Sedation of anxious children undergoing dental treatment

Eastman Dental Institute, Department of Paediatric Dentistry, 256 Gray's Inn Rd, London, UK, WC1X 8LD.
Cochrane database of systematic reviews (Online) (Impact Factor: 5.94). 02/2006; DOI: 10.1002/14651858.CD003877.pub3
Source: PubMed

ABSTRACT Anxiety about dental treatment or behaviour management problems can be a barrier to its uptake in children.
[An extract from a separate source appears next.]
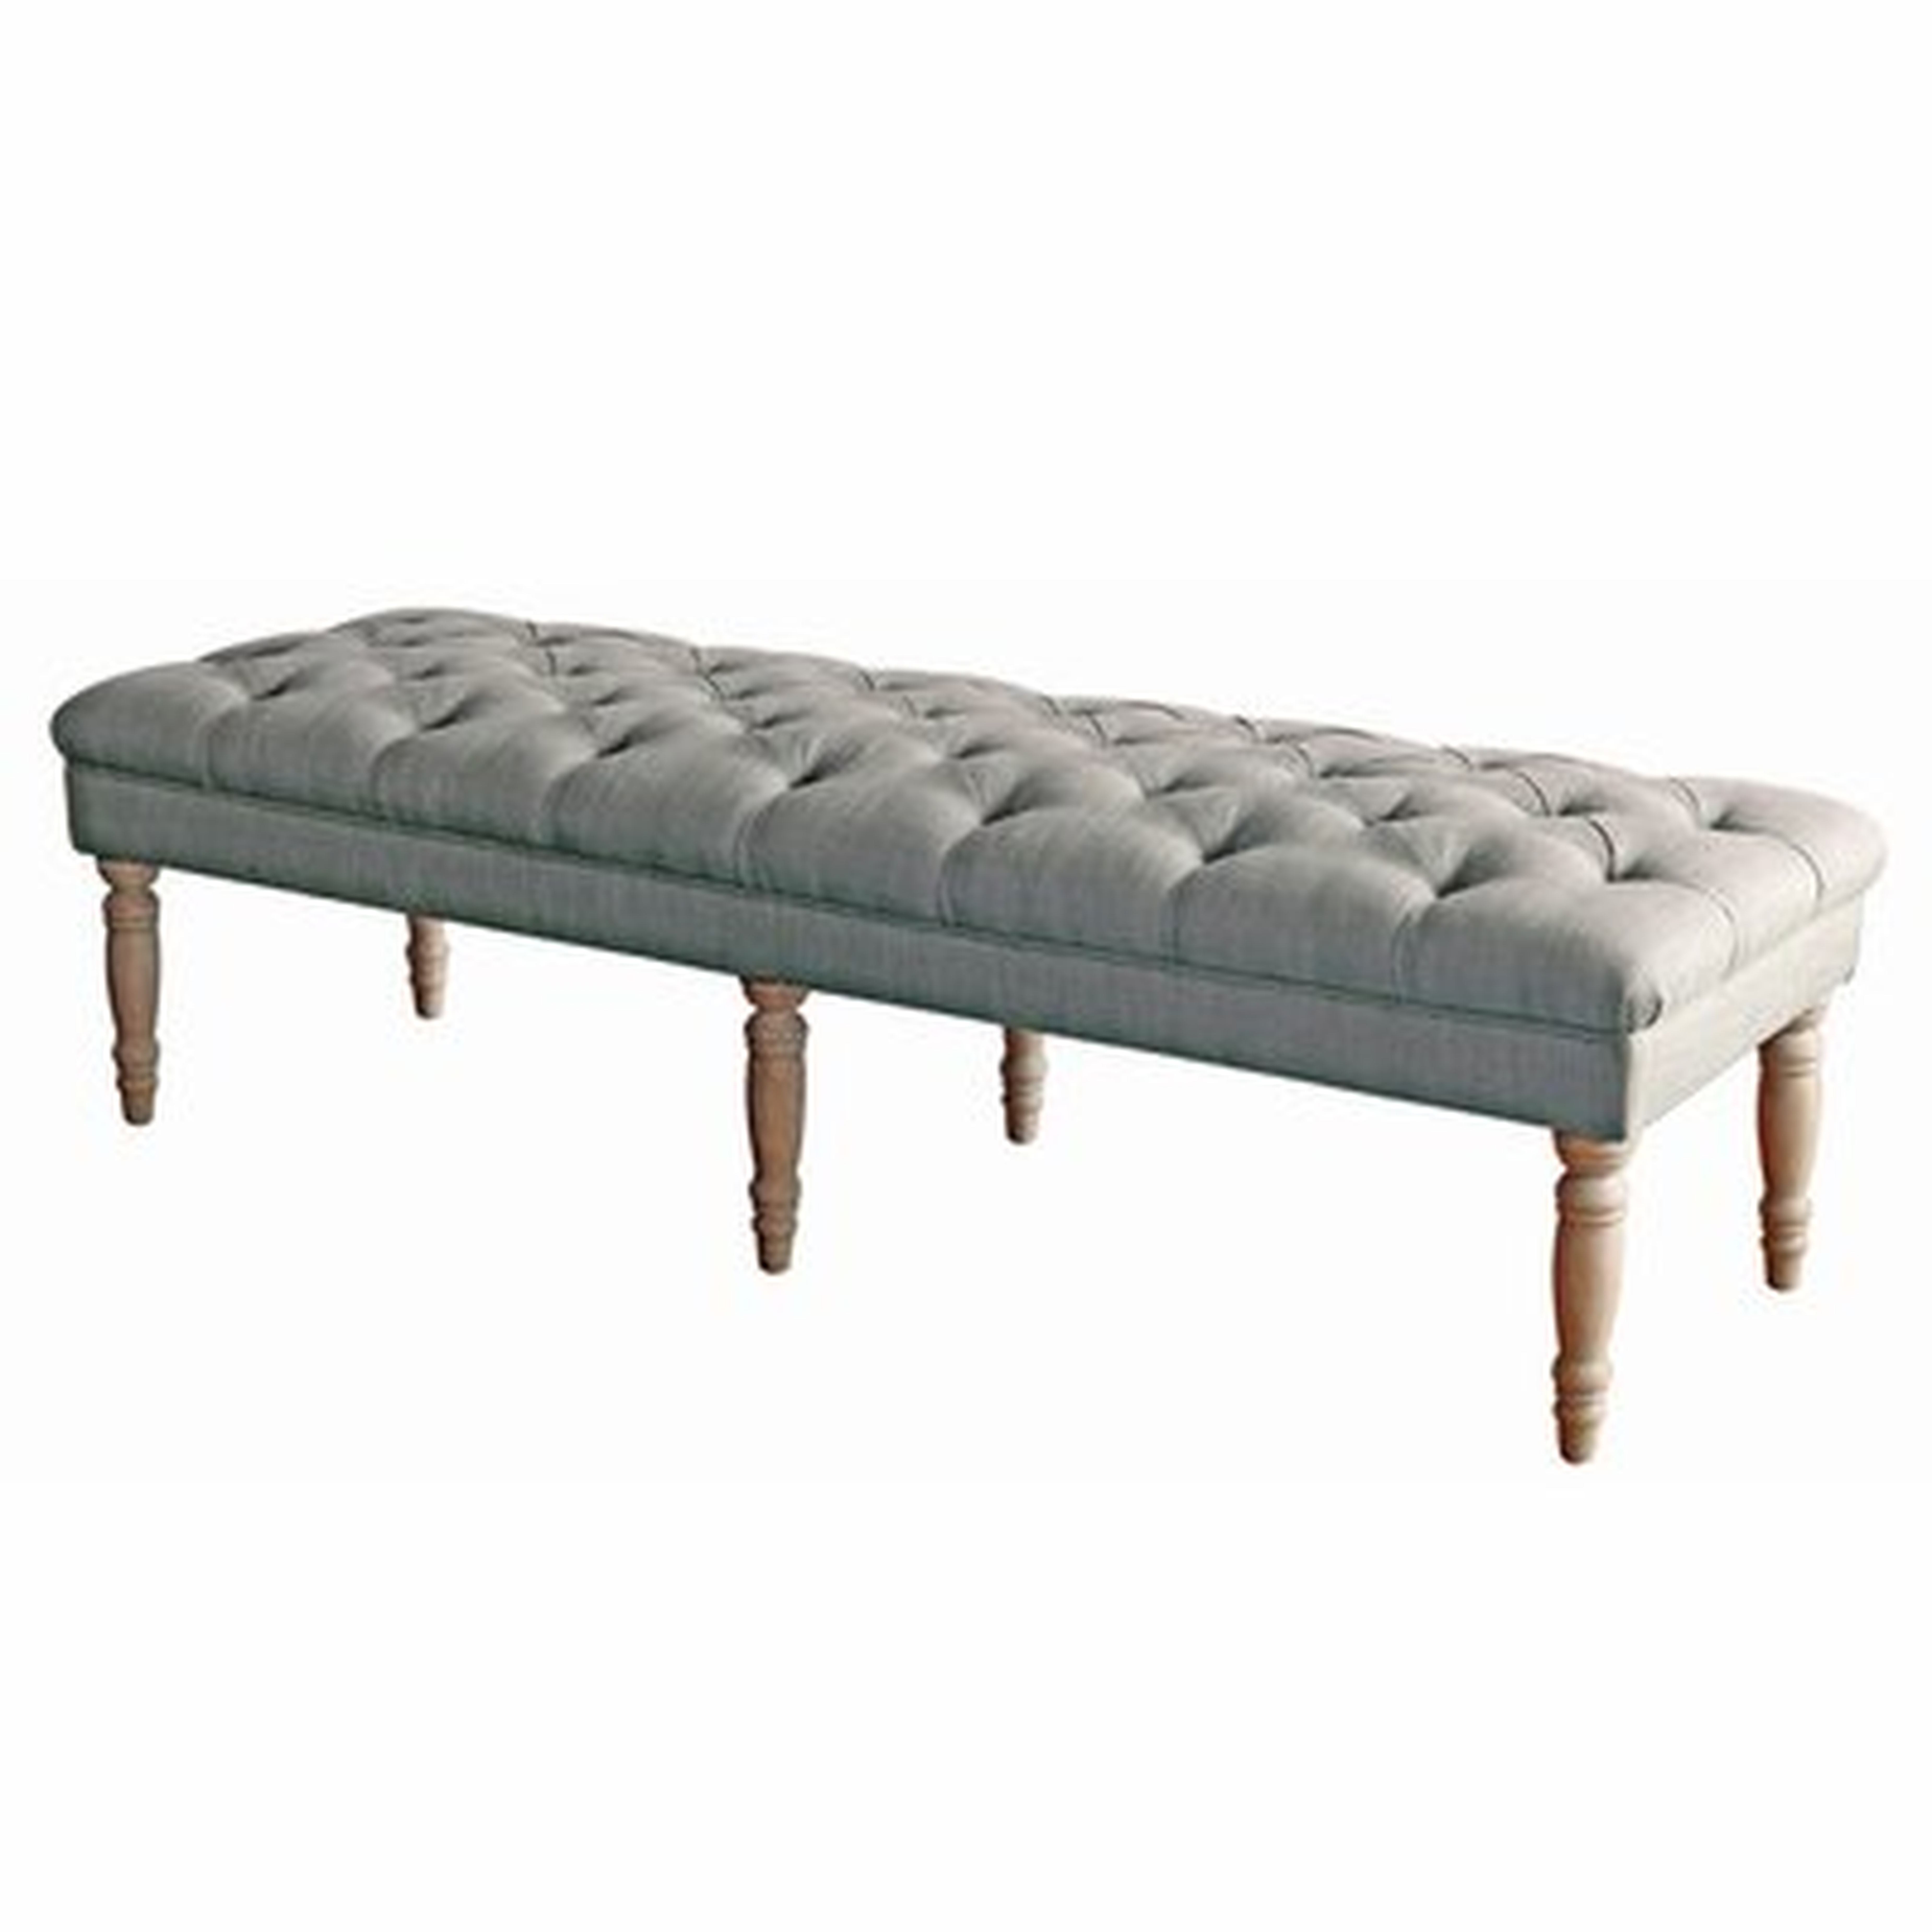 Allegro Upholstered Bench - Wayfair

Sedation can be used to relieve anxiety and manage behaviour, unfortunately it is difficult to determine from published research which agents, dosages and techniques are effective.
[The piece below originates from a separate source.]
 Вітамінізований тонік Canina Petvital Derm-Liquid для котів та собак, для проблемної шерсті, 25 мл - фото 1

To evaluate the relative efficacy of the various conscious sedation techniques and dosages for behaviour management in paediatric dentistry.
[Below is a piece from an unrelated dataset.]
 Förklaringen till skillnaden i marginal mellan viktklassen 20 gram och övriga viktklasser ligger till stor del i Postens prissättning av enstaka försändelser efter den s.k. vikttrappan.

Computerised: MEDLINE, PubMed, EMBASE, Cochrane Central Register of Controlled Trials, Dissertation Abstracts, SIGLE, the World Wide Web (Google) and the Community of Science Database were searched for relevant trials and references up to December 2004. Reference lists from relevant articles were scanned and the authors contacted to identify trials and obtain additional information. There were no language restrictions. Trials pre-1966 were not searched.
Studies were selected if they met the following criteria: randomised controlled trials of conscious sedation comparing two or more drugs/techniques/placebo undertaken by the dentist or one of the dental team in anxious children up to 16 years of age.
Information regarding methods, participants, interventions and outcome measures and results were independently extracted, in duplicate, by two authors. Authors of trials were contacted for details of randomisation and withdrawals and a quality assessment was carried out not using any formal scoring system. The Cochrane Oral Health Group statistical guidelines were followed.
Sixty-one studies were included with 3246 subjects in total. Overall quality of studies was found to be disappointing with poor reporting often the main problem. Data reported could not be easily aggregated into groups to facilitate description of results. Meta-analysis of the available data was also not possible for the same reason. The variety of differing drug regimens compared made it difficult to isolate groups of studies that were sufficiently similar in design to allow sensible comparison. Where groups of studies could be isolated, then the differing outcome measures used made their meta-analysis impossible.
Review authors were not able to reach any definitive conclusion on which was the most effective drug or method of sedation used for anxious children. A list of proposed areas of study was described.